Постулирование жестких зависимостей между природной средой, природной основой ландшафта и человеческой деятельностью сопровождается довольно сильным безразличием к реальным процессам в пространстве, явным нежеланием с ними считаться и принимать пространственные закономерности. Скажем, десятки миллионов людей искренне считают, что распад Советского Союза был случайностью, результатом заговора, тогда как это был вполне закономерный процесс. Если это был закономерный процесс, то невозможна никакая реставрация. Мы понимаем, что сейчас на улице лето, – и мы не можем вернуться сейчас в зиму; вернуть СССР так же возможно, как сменить время года. Я боюсь, что наше общество склонно следовать каким-то примитивным идеям географического детерминизма, но не очень склонно разбираться с реальным устройством нашего культурного ландшафта.
И в этом смысле я не согласен с подавляющим большинством гуманитариев, которые, выезжая куда-то из Москвы, начинают видеть в России только молодой лес на месте полей, только помойки, только свалки. Этим дело не исчерпывается, культурный ландшафт России очень интересно и сложно организован. Это не какая-то случайность, это вполне закономерное сочетание явлений. И вот с этим интересным явлением происходят некоторые, довольно любопытные и очень закономерные процессы, очень закономерные процессы.
Скажите мне, сколько было нашумевших книг, которые писали бы об этом насущном? Я что-то таких не знаю, и дело не в том, что географы не готовы их писать. По-моему, это проблема не писателей (ну, может, не совсем писателей), а читателей. То есть это очередной парадокс. Россия – самое обильное пространство, страна, как вы справедливо заметили, не шестая, так седьмая (но если посчитаем океан, то намного меньше), но все равно страна, очень богатая пространством, страна, которая черпает из этого пространства огромные ресурсы, но страна, которая, к сожалению, плохо знает, плохо понимает свое пространство, и, к сожалению, не очень озабочена тем, что она плохо знает и плохо понимает это пространство.

А.Г. А что мы плохо знаем и плохо понимаем?

В.К. Например, когда сравнивают нашу страну с Соединенными Штатами, географически это сравнение очень сомнительное. Но оно самое массовое, самое данное в культуре. Когда не знают, где находится какая-то вещь, говорят, что она находится в культуре. И в культуре есть такое сравнение. Но дело же отнюдь не только в том, что Соединенные Штаты лежат гораздо южнее, чем Советский Союз.

А.Г. И целиком поместились бы на европейской части России.

В.К. Конечно. Дело в другой структуре пространства. Кстати говоря, то, о чем я скажу еще несколько фраз, уже приводит нас к теме морфологии культурного ландшафта. Например, воспользуюсь тем образом, который позволяет пробить моих нерадивых студентов. Я им говорю следующее: представьте себе, что вы перенесли столицу Соединенных Штатов в Нью-Йорк, потом перенесли в Нью-Йорк Ниагарский водопад, а как же? Потом перенесли в Нью-Йорк Голливуд, Силиконовую долину и так далее, и так далее.

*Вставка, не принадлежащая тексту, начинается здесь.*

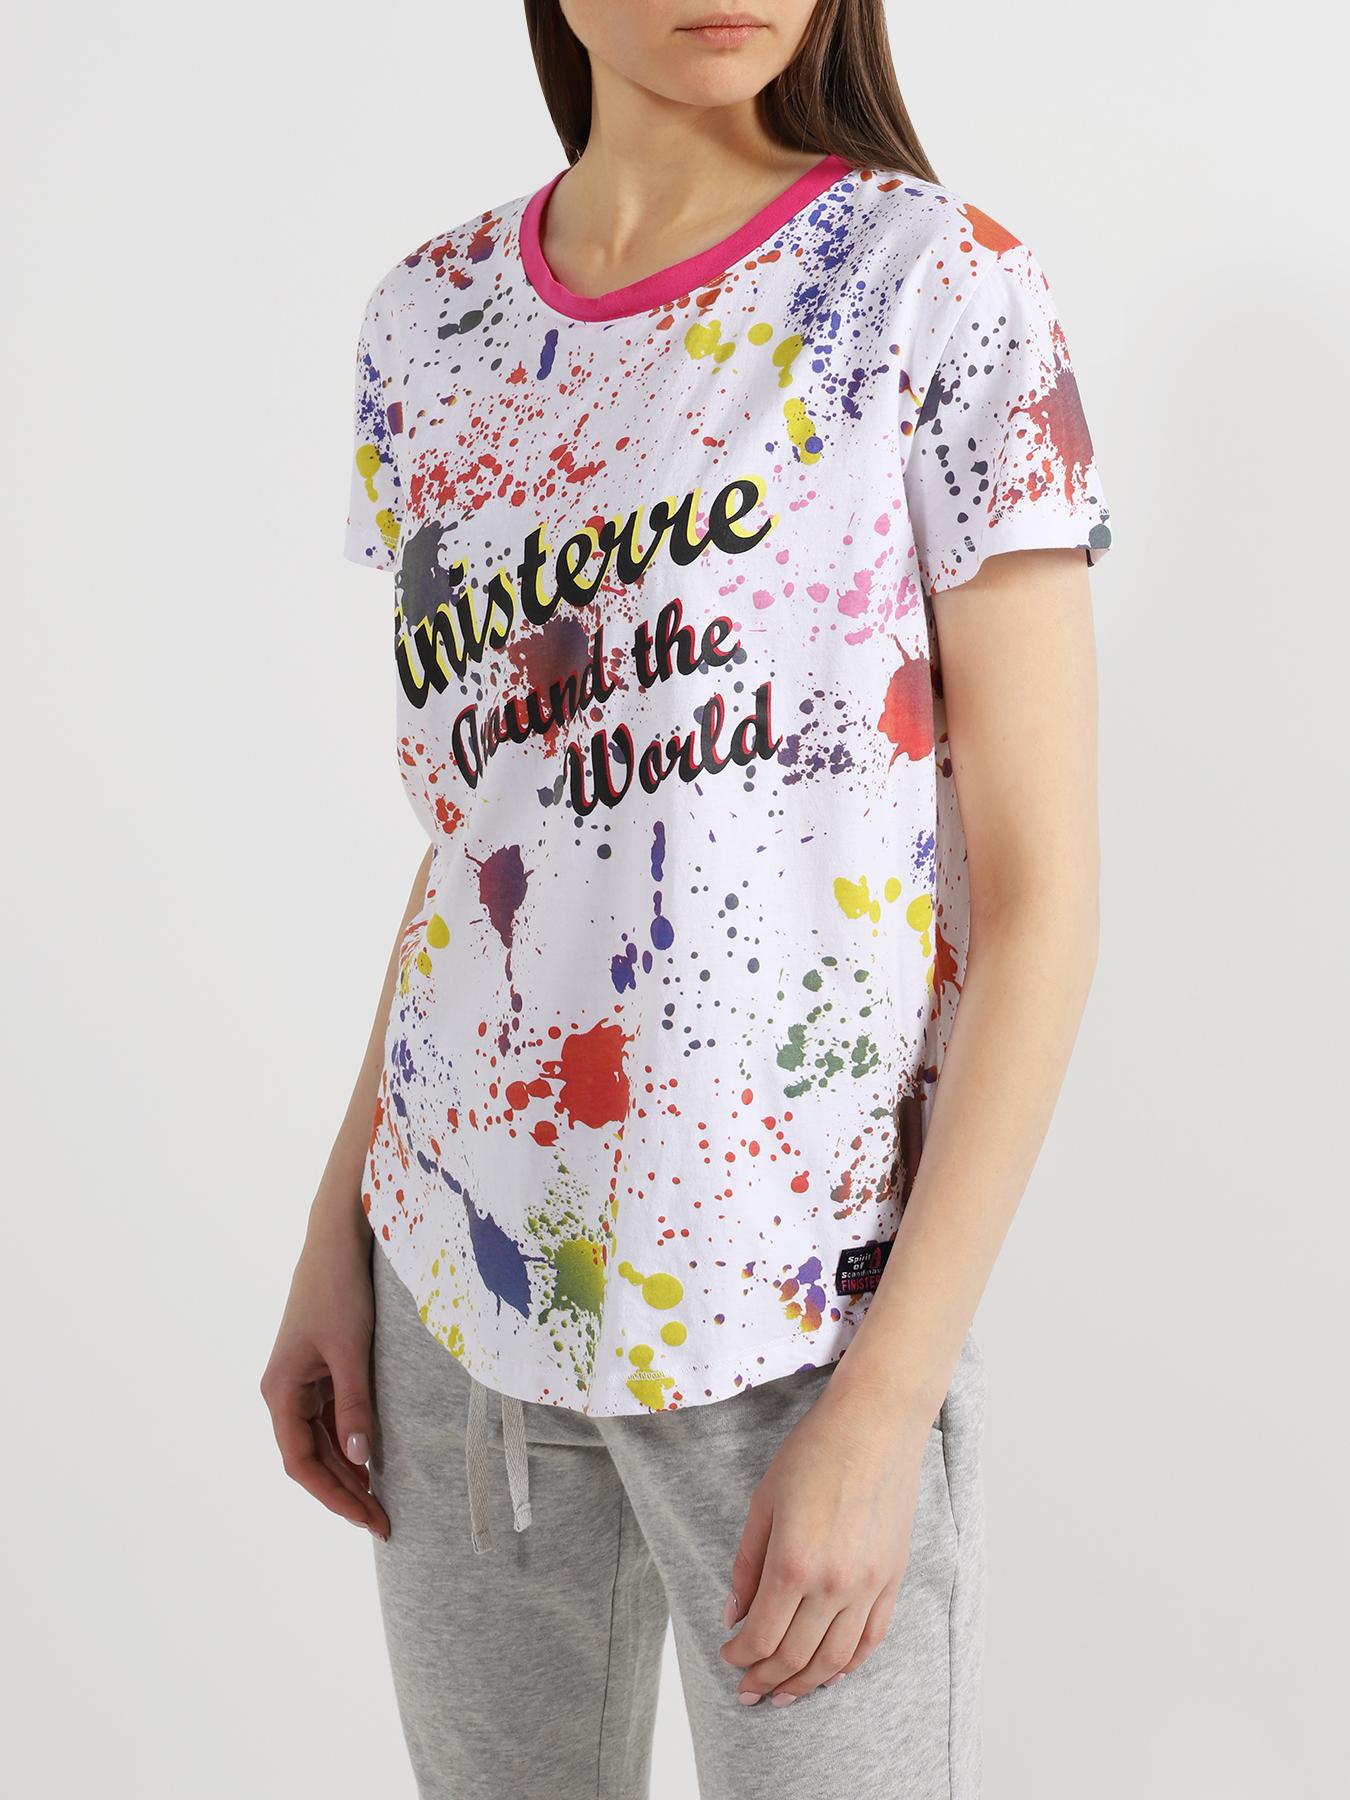 Finisterre Женская футболка

Они, конечно, смеются, понимая, что это совершенно невозможно.
Но именно такое пространство, в котором все ведущие центры сосредоточены в одном городе, пространство моноцентричное, как мы пишем в своих малотиражных научных работах, – это пространство наше российское и наше советское. В этом смысле США, которые не могут являться эталоном, – пространство полицентричное, не говоря уже о том, что чрезвычайно полицентричным в Соединенных Штатах является производство национальной элиты. Лучшие университеты находятся отнюдь не в столичных городах и не в промышленных Питсбургах. Они разбросаны по стране. Где у нас в России получают лучшее образование, по-моему, этот вопрос совершенно понятен. Точно так же, как и понятно, что Москва до сих пор является крупнейшим промышленным центром России, так же, как она является крупнейшим центром административным, культурным, финансовым. Каким угодно еще. Мы с трудом найдем какое-то отношение, в котором Москва не была бы ведущим, доминирующим центром. Наше пространство – не только моноцентричное, оно еще и моноиерархичное, все иерархии слиты и объединены. Вот именно эту конструкцию я и назвал "советское пространство" и описал как особый, крайне вырожденный тип культурного ландшафта.
И то же самое касается не только России в целом, но касается всех других уровней иерархии. В каждом регионе есть один крупнейший город, который является крупнейшим центром, в том числе центром терапевтическим. У нас же люди едут лечиться в стольные города. То же самое, в каждом районе такая ситуация одного главного доминирующего центра. Наша страна – это система моноцентрических районов, в то время как в других странах мы этого не обнаруживаем, это совершенно не обязательно – такой моноцентризм. На таких примерах мы можем показать, чем реально отличается пространство независимо от природных условий, чем отличается само культурное пространство, сам культурный ландшафт...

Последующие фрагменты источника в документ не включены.